▸ **WHAT YOU SHOULD DO**
Copy each line below that includes "yellow".
⁂
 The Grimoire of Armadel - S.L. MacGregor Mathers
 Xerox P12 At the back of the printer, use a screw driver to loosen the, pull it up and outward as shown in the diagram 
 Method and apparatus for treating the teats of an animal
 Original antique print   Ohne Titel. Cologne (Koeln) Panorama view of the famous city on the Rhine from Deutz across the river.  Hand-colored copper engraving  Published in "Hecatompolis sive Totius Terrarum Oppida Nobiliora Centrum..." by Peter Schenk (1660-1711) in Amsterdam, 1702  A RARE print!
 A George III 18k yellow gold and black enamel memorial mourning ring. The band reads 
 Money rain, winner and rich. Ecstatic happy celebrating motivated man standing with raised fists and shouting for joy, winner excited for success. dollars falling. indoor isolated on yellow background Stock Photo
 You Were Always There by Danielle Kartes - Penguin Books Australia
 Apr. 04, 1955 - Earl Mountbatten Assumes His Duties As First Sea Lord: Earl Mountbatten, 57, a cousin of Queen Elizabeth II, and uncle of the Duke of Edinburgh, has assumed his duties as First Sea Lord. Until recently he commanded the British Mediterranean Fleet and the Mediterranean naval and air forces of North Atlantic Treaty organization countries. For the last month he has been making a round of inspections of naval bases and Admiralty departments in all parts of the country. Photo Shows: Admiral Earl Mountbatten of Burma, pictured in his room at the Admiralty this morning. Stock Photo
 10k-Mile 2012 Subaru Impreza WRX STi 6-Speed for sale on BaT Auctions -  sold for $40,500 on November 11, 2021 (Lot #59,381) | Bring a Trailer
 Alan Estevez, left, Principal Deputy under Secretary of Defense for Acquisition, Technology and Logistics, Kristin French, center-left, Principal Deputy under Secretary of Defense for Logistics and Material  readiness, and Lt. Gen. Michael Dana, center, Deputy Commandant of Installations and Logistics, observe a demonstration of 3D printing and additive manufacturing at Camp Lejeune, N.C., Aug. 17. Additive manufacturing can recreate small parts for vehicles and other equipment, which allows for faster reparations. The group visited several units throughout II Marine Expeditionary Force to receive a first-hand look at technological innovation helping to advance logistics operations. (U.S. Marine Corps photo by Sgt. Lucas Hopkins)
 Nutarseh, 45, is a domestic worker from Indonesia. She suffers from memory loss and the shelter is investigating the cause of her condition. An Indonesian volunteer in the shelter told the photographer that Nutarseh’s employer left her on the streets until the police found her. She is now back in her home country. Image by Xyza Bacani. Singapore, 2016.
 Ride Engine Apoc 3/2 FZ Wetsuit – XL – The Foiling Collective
⁂
▸ **SOLUTION TO THIS TASK**
 A George III 18k yellow gold and black enamel memorial mourning ring. The band reads 
 Money rain, winner and rich. Ecstatic happy celebrating motivated man standing with raised fists and shouting for joy, winner excited for success. dollars falling. indoor isolated on yellow background Stock Photo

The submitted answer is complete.